- Exercise description
None of the pictures should be copied, though every line of the listing must be printed exactly.

- Data extract
BEGIN
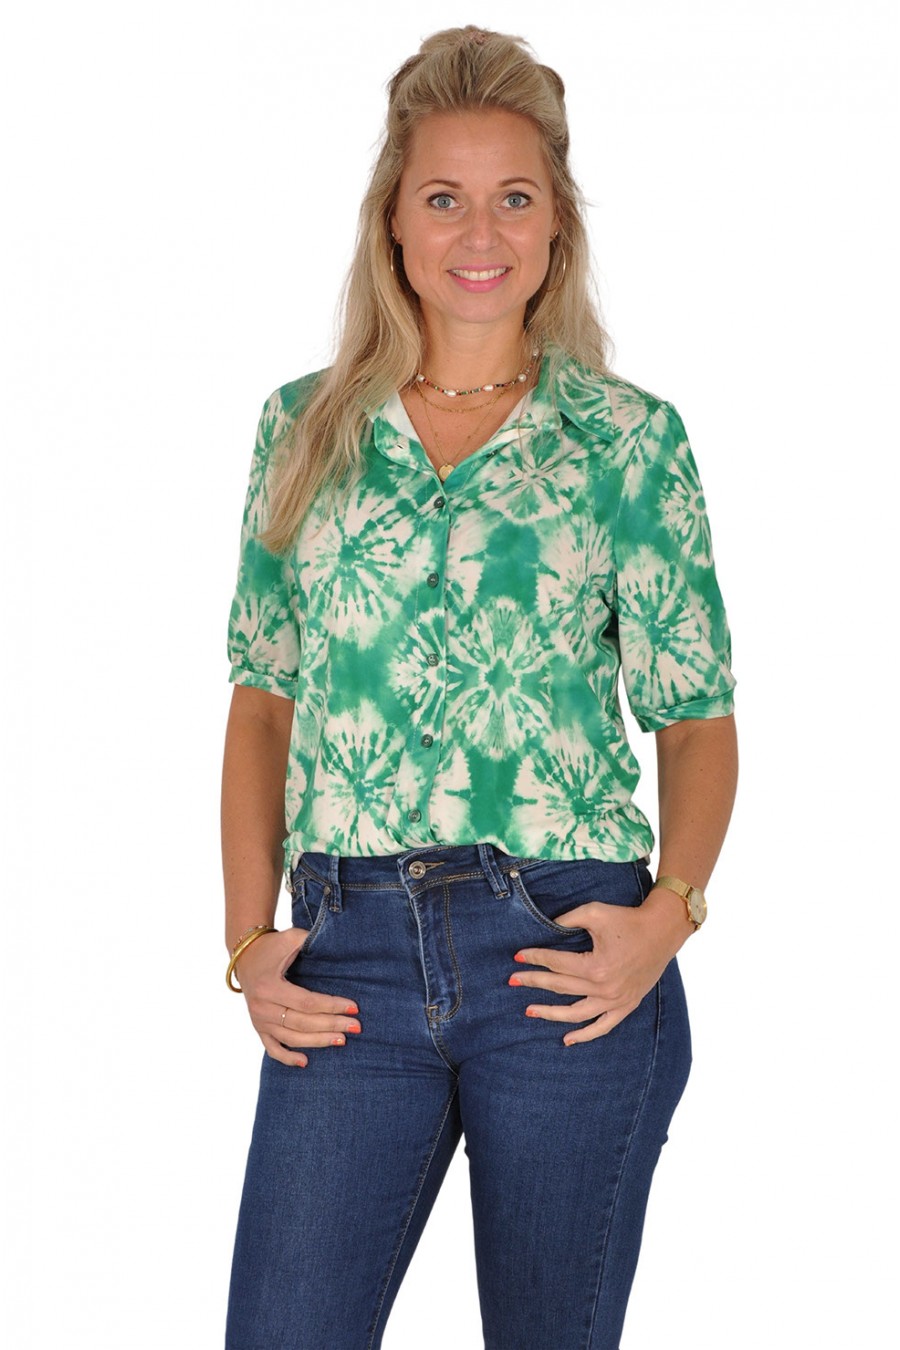 Ultrasoft blouse Tie dye groen New Collection
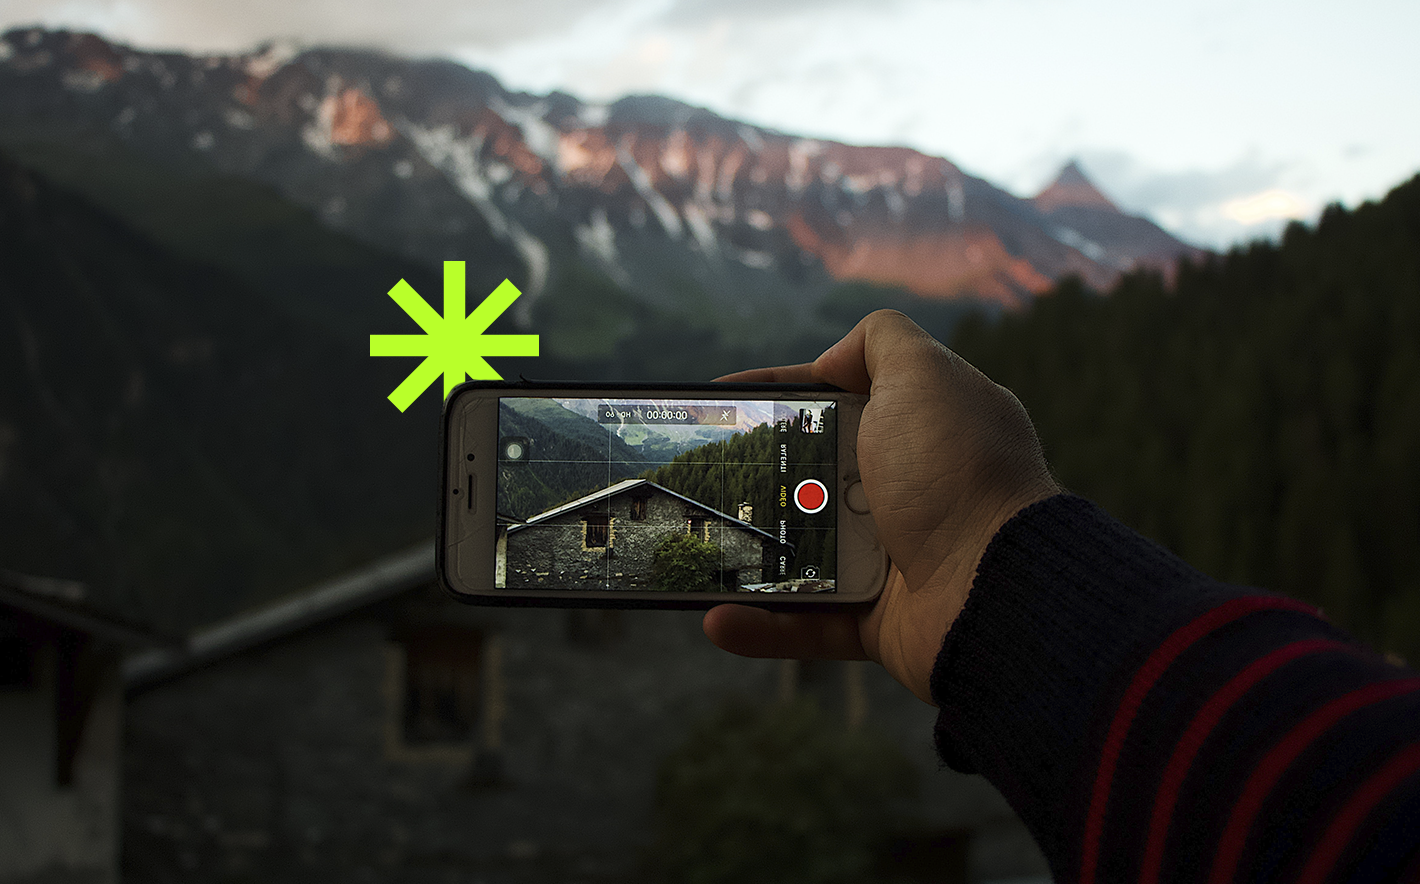 Creatividad de un un teléfono móvil haciendo una foto a un paisaje para el post “¿Sigue siendo relevante el número de seguidores en redes sociales?”
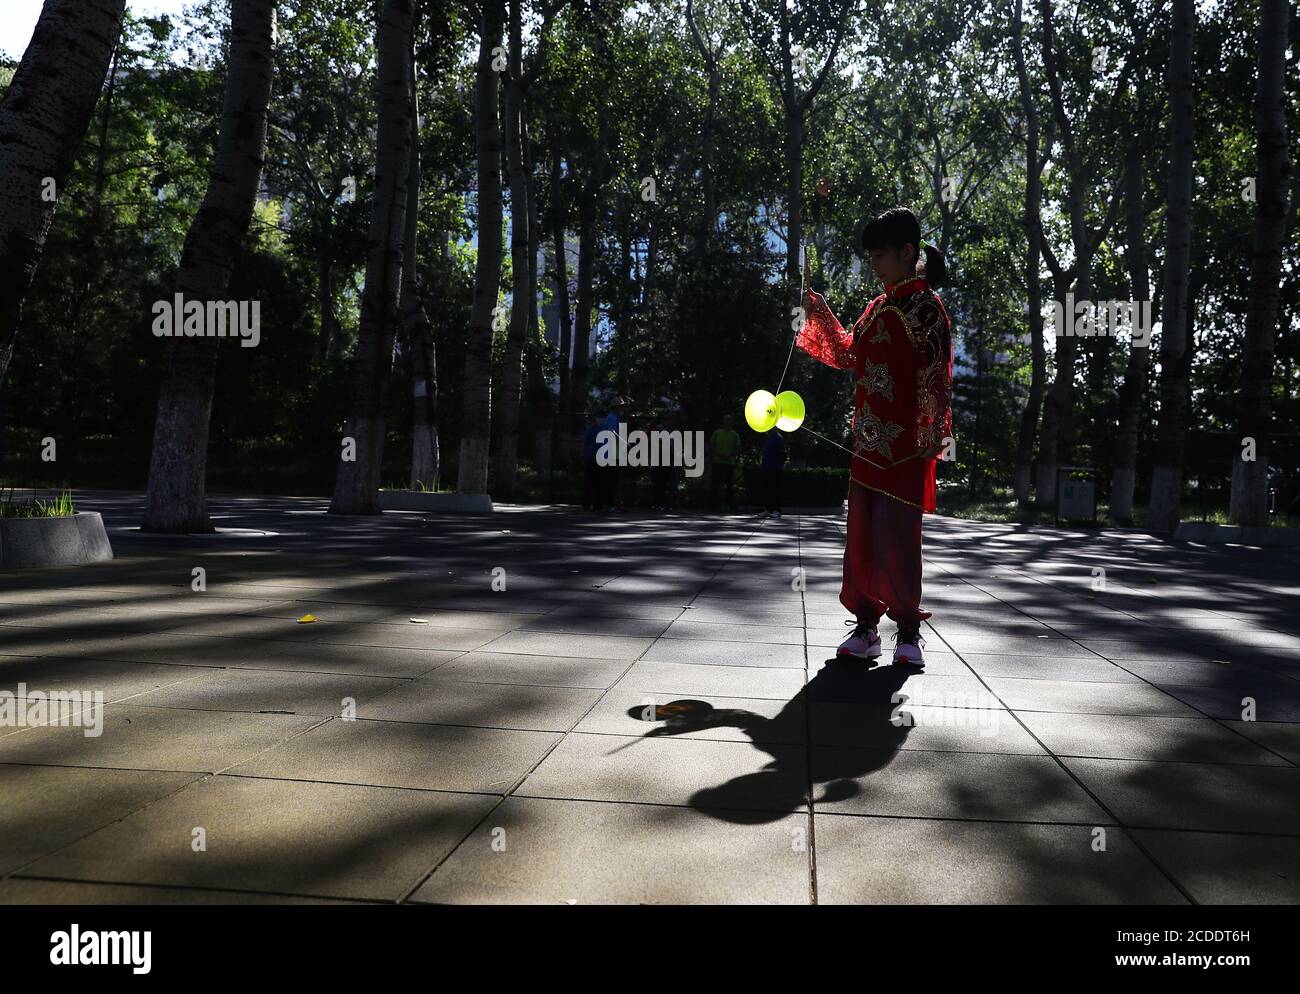 (200828) -- PEKING, 28. August 2020 (Xinhua) -- Dong Yutong spielt Diabolo auf dem Wukesong Diabolo Kulturplatz in Peking, Hauptstadt von China, 11. August 2020. Dong Shulin, 66, lebt mit seiner Frau Mei Yongpei und seiner 9-jährigen Enkelin Dong Yutong in Peking. Dong Shulin begann 2003 Diabolo zu spielen und jetzt spielt die ganze Familie gerne dieses traditionelle Volksspiel, in dem man einen Spinning Top werfen und fangen kann, indem man eine Schnur an zwei Stöcken befestigt. In Dong Shulins Wohnung wurden über 70 Diabolos ringsum platziert. Einige der Diabolos wurden gekauft und andere waren selbst gemacht, besonders Stockfoto
END
- Written answer
 Ultrasoft blouse Tie dye groen New Collection
 Creatividad de un un teléfono móvil haciendo una foto a un paisaje para el post “¿Sigue siendo relevante el número de seguidores en redes sociales?”
 (200828) -- PEKING, 28. August 2020 (Xinhua) -- Dong Yutong spielt Diabolo auf dem Wukesong Diabolo Kulturplatz in Peking, Hauptstadt von China, 11. August 2020. Dong Shulin, 66, lebt mit seiner Frau Mei Yongpei und seiner 9-jährigen Enkelin Dong Yutong in Peking. Dong Shulin begann 2003 Diabolo zu spielen und jetzt spielt die ganze Familie gerne dieses traditionelle Volksspiel, in dem man einen Spinning Top werfen und fangen kann, indem man eine Schnur an zwei Stöcken befestigt. In Dong Shulins Wohnung wurden über 70 Diabolos ringsum platziert. Einige der Diabolos wurden gekauft und andere waren selbst gemacht, besonders Stockfoto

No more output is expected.